Establishing a Baseline for Disk Usage
Start your disk monitoring process by establishing a baseline, which is the level of performance you can expect during typical usage and workloads. Establishing a baseline consists of collecting and analyzing data about typical disk usage under typical disk load.
Monitor disk counters along with counters from other objects. The following is a list of recommended counters.
LogicalDisk% Free Space
PhysicalDiskDisk Reads/sec
PhysicalDiskDisk Writes/sec
PhysicalDiskAvg. Disk Queue Length
MemoryAvailable Bytes
MemoryCache Bytes
MemoryPages/sec
Processor(All_Instances)% Processor Time
SystemProcessor Queue Length
Figure 30.5 depicts a typical display for collecting overall system performance data.

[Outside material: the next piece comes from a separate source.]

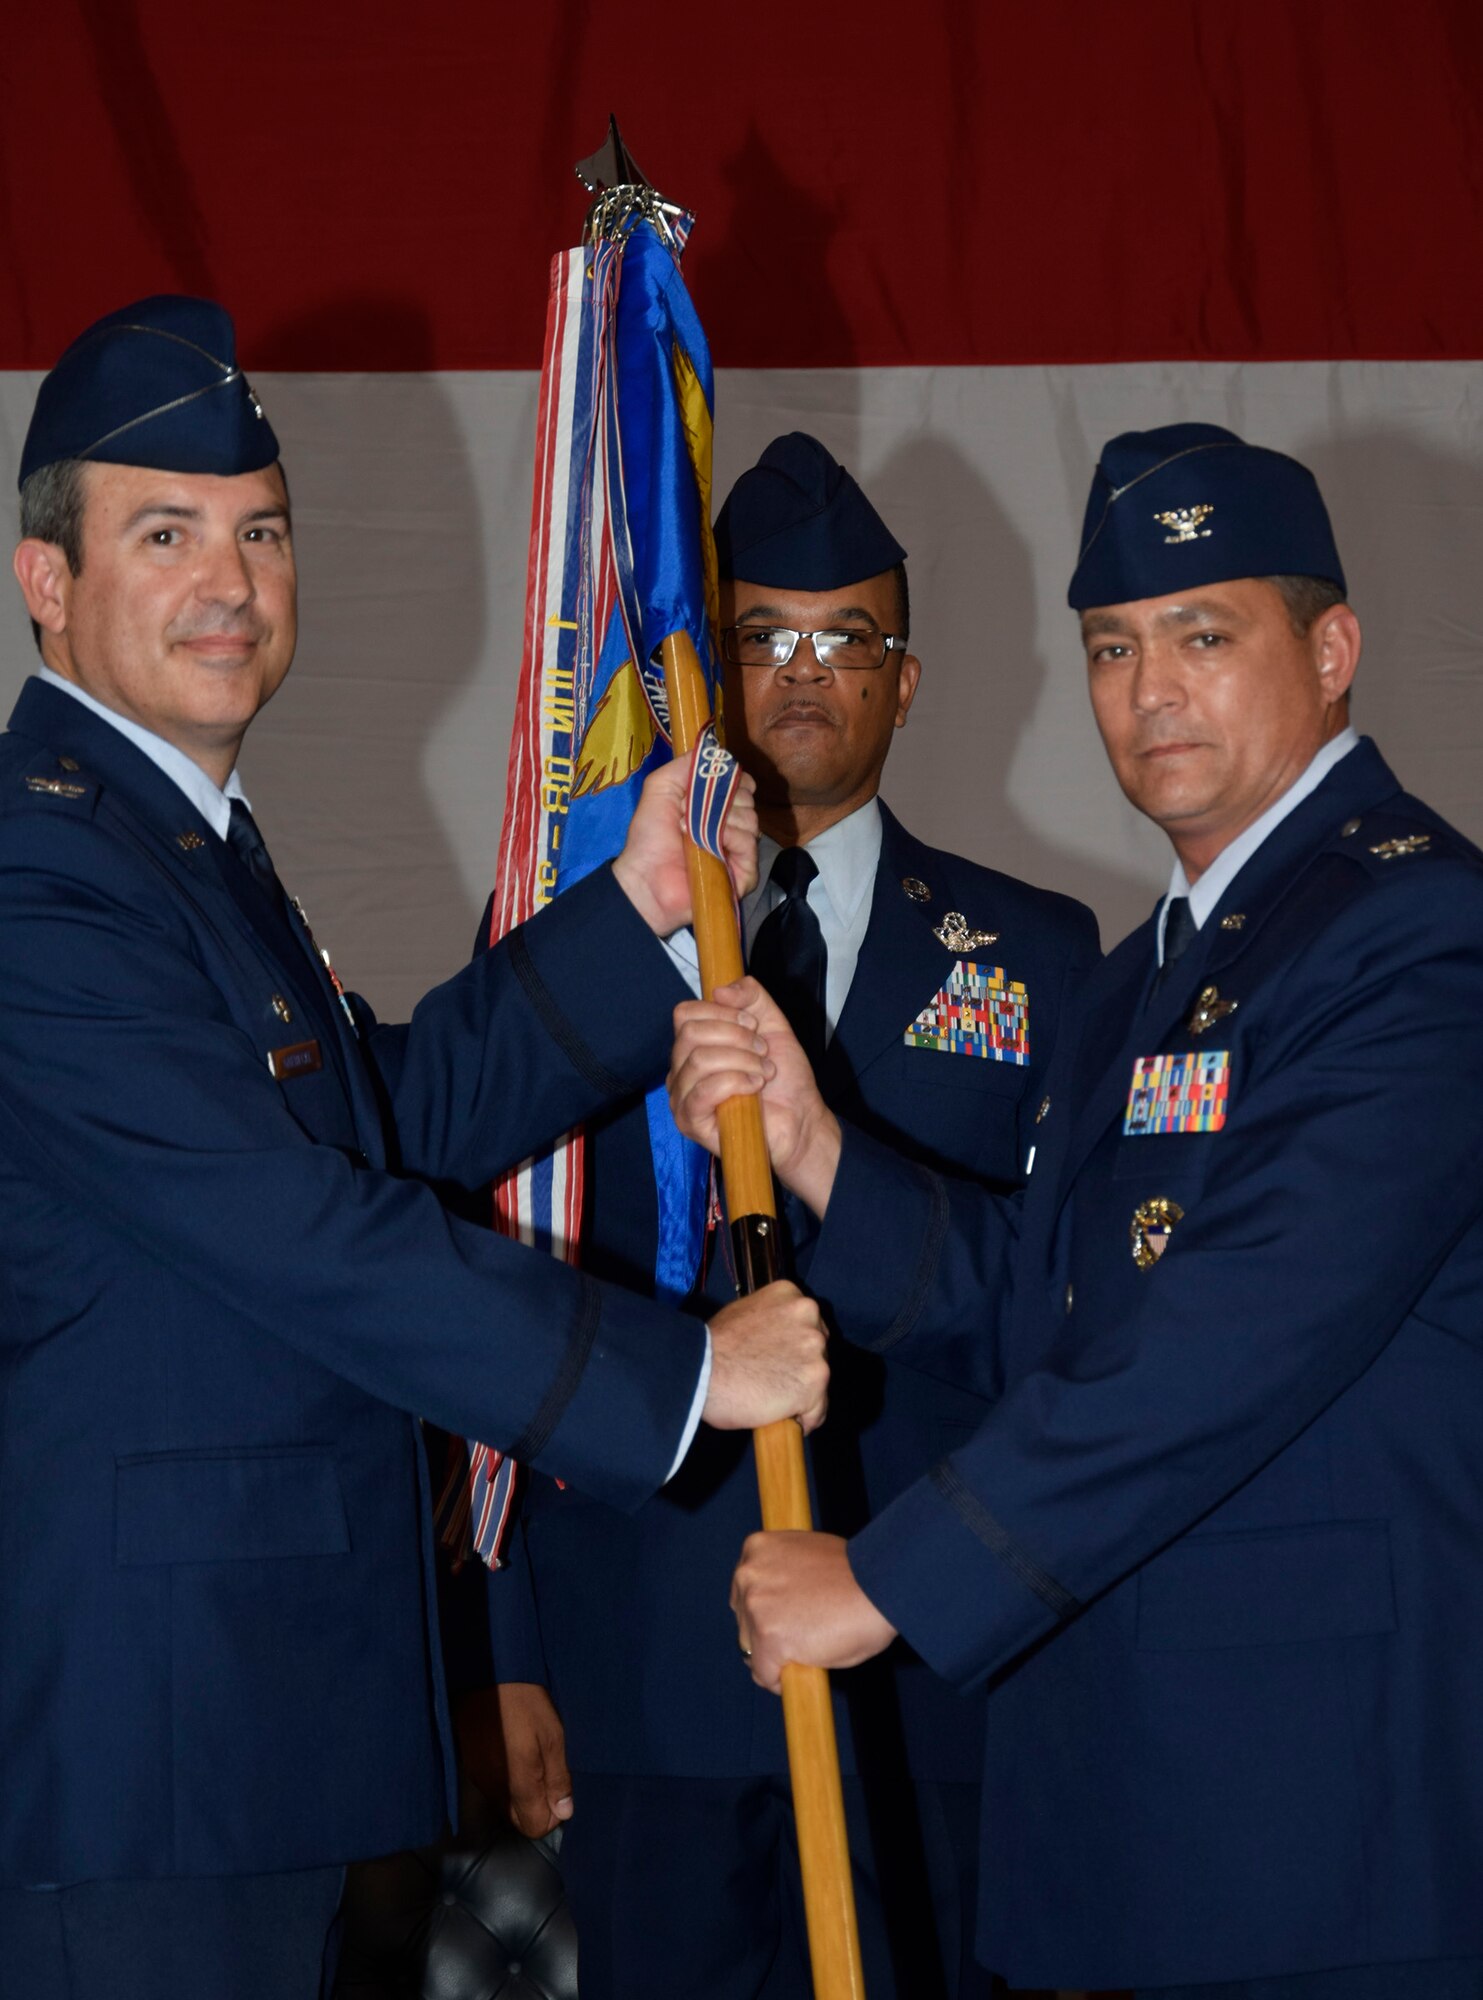 Col. Richard Land III accepts the 552nd Operations Group guidon from Col. David Gaedecke, 552nd Air Control Wing commander, during a change of command ceremony held July 8. Awaiting the guidon is Chief Master Sgt. Delano Barney, 552nd OG superintendent. (Air Force photo by Ron Mullan)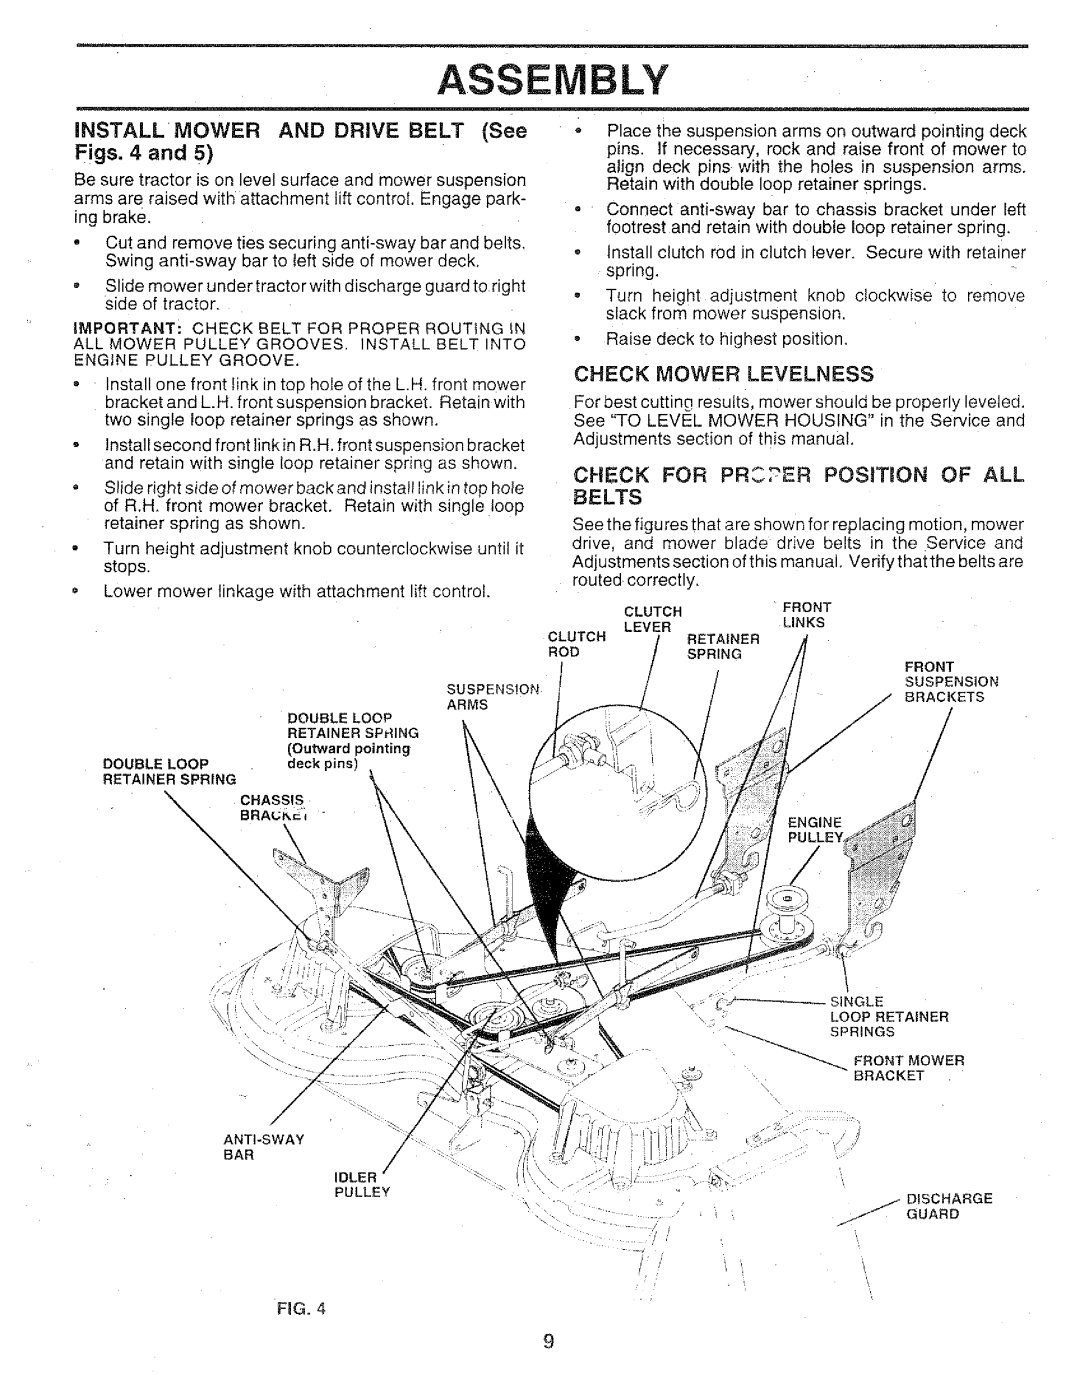 Sears 917.25147 owner manual Assembly, INSTALL MOWER AND DRIVE BELT See Figs. 4 and, CHECK FOR PRC2ER POSITION OF ALL BELTS

Figure 30.5 Counter Configuration for Baseline Monitoring
Observe activity at various times of day over a range of intervals, starting with one day, one week, one month, and so on. Over time a pattern develops, and you can see that the data tends to fall consistently within a particular range of values—that resulting range is your baseline.
You can monitor for short intervals such as two to five seconds, if your workload is characterized by random bursts of heavy activity. Otherwise 60-second intervals are adequate. If system demands fluctuate during the day, you might want to take shorter samples during periods of heaviest activity and longer samples when activity is tapering off.
For best results during monitoring, try to isolate the disk so that workload unrelated to your test does not affect your results. If you are logging performance to a disk that you are monitoring, values for the disk reflect a small amount of writing activity for that logging.
While analyzing values at specific times, notice the type of work being performed on your system. Knowing the schedule and nature of your workload is important if you need to reschedule that work or distribute to other systems for better performance.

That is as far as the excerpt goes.